*Exercise*.
Find the string "Make" in the listing and report every line that has it.

*Exercise input*.
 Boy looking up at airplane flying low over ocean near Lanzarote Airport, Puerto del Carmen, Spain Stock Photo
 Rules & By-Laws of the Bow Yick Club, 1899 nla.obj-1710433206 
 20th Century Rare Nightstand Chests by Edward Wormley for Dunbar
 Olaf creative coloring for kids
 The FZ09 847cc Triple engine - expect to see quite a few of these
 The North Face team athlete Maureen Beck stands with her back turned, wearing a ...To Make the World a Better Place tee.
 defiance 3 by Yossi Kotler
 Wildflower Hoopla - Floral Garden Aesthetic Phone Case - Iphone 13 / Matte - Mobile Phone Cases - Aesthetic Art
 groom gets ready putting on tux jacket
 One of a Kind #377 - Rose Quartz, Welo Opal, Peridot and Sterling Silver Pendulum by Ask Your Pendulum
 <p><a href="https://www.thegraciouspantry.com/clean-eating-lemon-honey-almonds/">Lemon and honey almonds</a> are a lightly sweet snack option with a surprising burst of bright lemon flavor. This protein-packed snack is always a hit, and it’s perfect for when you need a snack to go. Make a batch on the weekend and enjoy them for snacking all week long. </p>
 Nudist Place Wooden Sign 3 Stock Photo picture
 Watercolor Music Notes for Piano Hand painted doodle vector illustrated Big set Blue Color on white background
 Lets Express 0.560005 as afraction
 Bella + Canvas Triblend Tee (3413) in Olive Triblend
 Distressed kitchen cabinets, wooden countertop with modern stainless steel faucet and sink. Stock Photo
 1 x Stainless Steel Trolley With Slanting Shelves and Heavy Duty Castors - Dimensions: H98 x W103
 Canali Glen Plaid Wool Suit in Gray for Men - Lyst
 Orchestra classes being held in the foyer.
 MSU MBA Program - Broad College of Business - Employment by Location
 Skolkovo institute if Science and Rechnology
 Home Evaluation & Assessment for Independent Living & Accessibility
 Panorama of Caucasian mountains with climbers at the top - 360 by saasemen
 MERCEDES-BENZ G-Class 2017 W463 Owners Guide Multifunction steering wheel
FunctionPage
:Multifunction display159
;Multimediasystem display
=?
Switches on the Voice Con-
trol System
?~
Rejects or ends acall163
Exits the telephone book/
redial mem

*Solution for this problem*.
 The North Face team athlete Maureen Beck stands with her back turned, wearing a ...To Make the World a Better Place tee.
 <p><a href="https://www.thegraciouspantry.com/clean-eating-lemon-honey-almonds/">Lemon and honey almonds</a> are a lightly sweet snack option with a surprising burst of bright lemon flavor. This protein-packed snack is always a hit, and it’s perfect for when you need a snack to go. Make a batch on the weekend and enjoy them for snacking all week long. </p>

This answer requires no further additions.